Thursday, September 29, 2011

Nerd Alert

 I'm just back from my Nerdy Education Book Club.  This is the one where we pick education-related texts and discuss them in terms of our own jobs, experiences, and philosophies.  Tonight, we discussed a book on how you should only teach reading, writing, and discussion; and until you are teaching those things well, you shouldn't do anything else.

The book was called Focus by a guy named Mike Schmoker.  There were parts of the book I really enjoyed and learned from.  For instance, Mike really drove home the importance of checking for understanding.  This is something I haven't done so well in the last few years, so I appreciated the pep talk.

Other parts of the book, I didn't care for. Basically, those were the parts about how any idiot without an ounce of creativity can teach a good lesson if they just follow an easy formula and why won't the administrators just adequately supervise and enforce.

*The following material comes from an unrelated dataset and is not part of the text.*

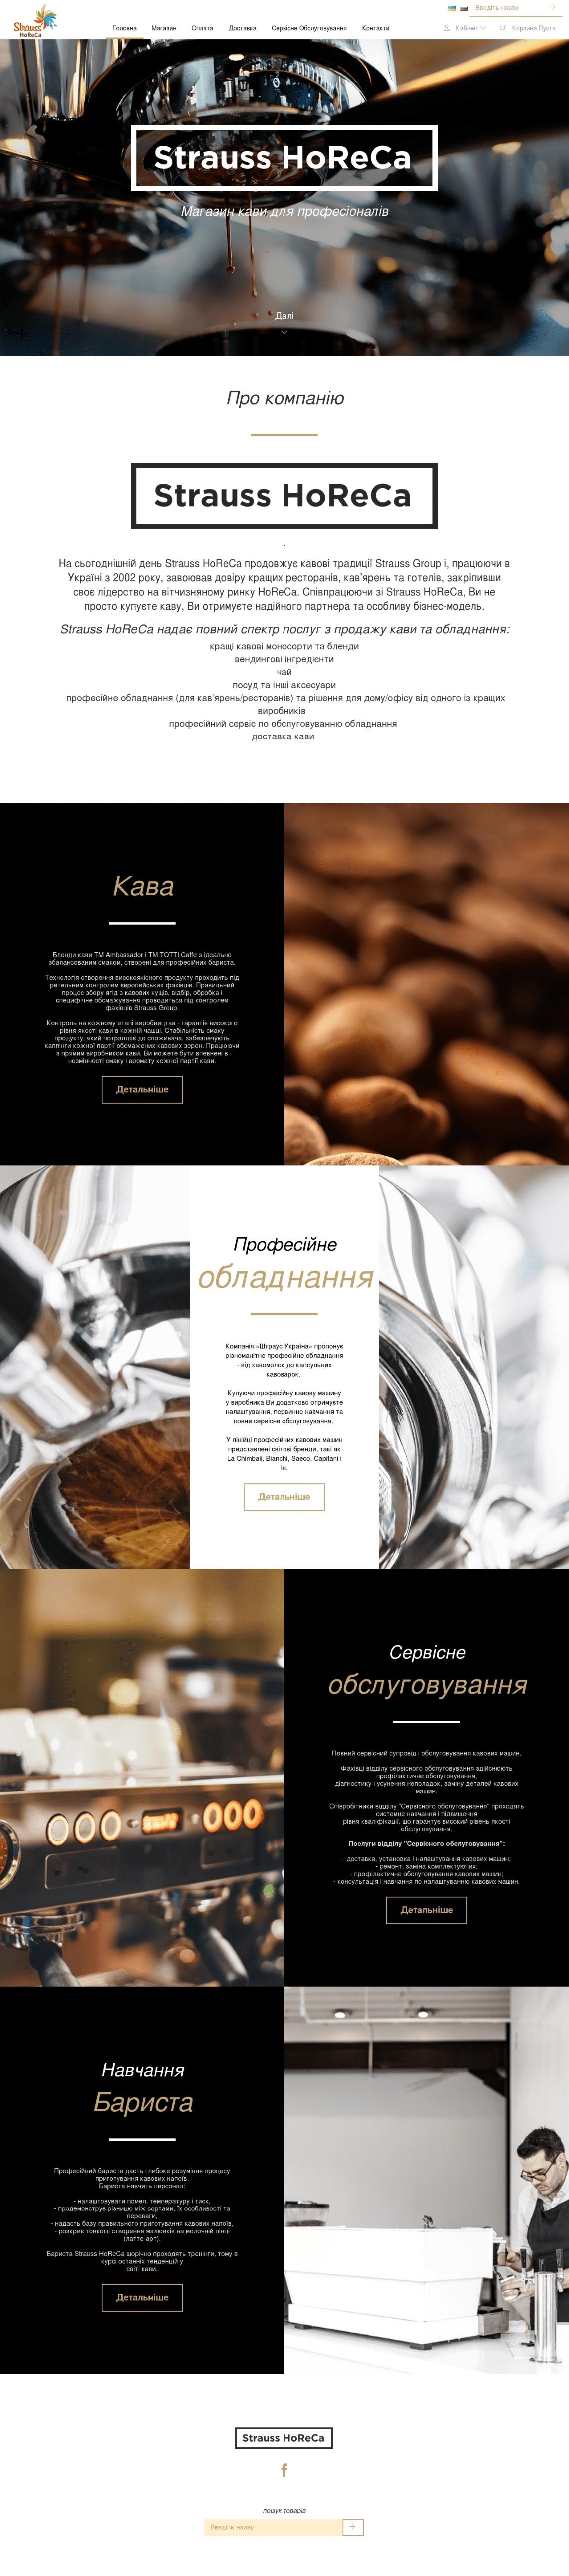 sajt_magazina_kofe_i_kofejnogo_oborudovaniya_strauss_horeca
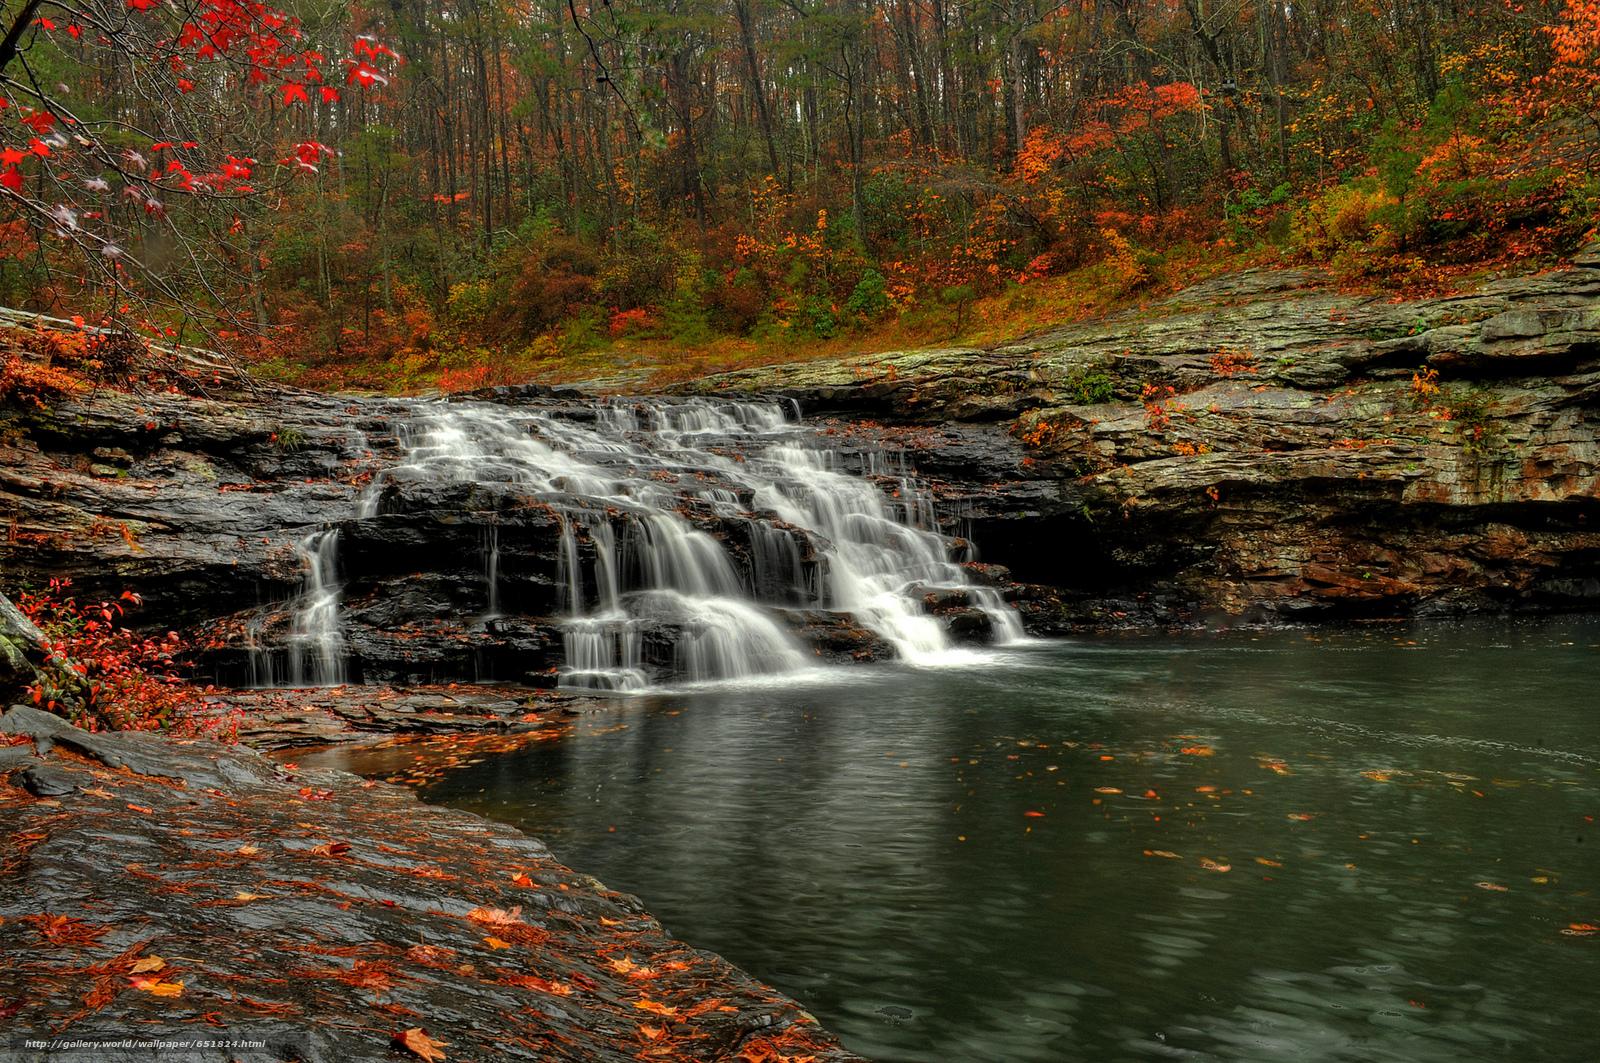 Download Hintergrund Wasserfall,  Rocks,  Fluss,  Wald Freie desktop Tapeten in der Auflosung 2048x1361 — bild №651824

Overall, I found the book to be condescending, but still useful.  Does that make sense?  Anyway, if you want to read it, as Lee says, you should.

2 comments:

LH said...

I got about halfway through it. It was getting repetitive... A bad sign for
Such a skinny book. I liked his condemnation of canned programs. Didn't
Like his idea that curriculum design was easy peasy lemon squeezy.

KC said...

Agreed. I stopped reading after the language arts chapter, which was about halfway through.
I ended up liking the book more after my book club discussion. It was kind of interesting because many of them observe tons of teachers for their jobs, and they say that actually, people don't do the stuff Schmoker was talking about.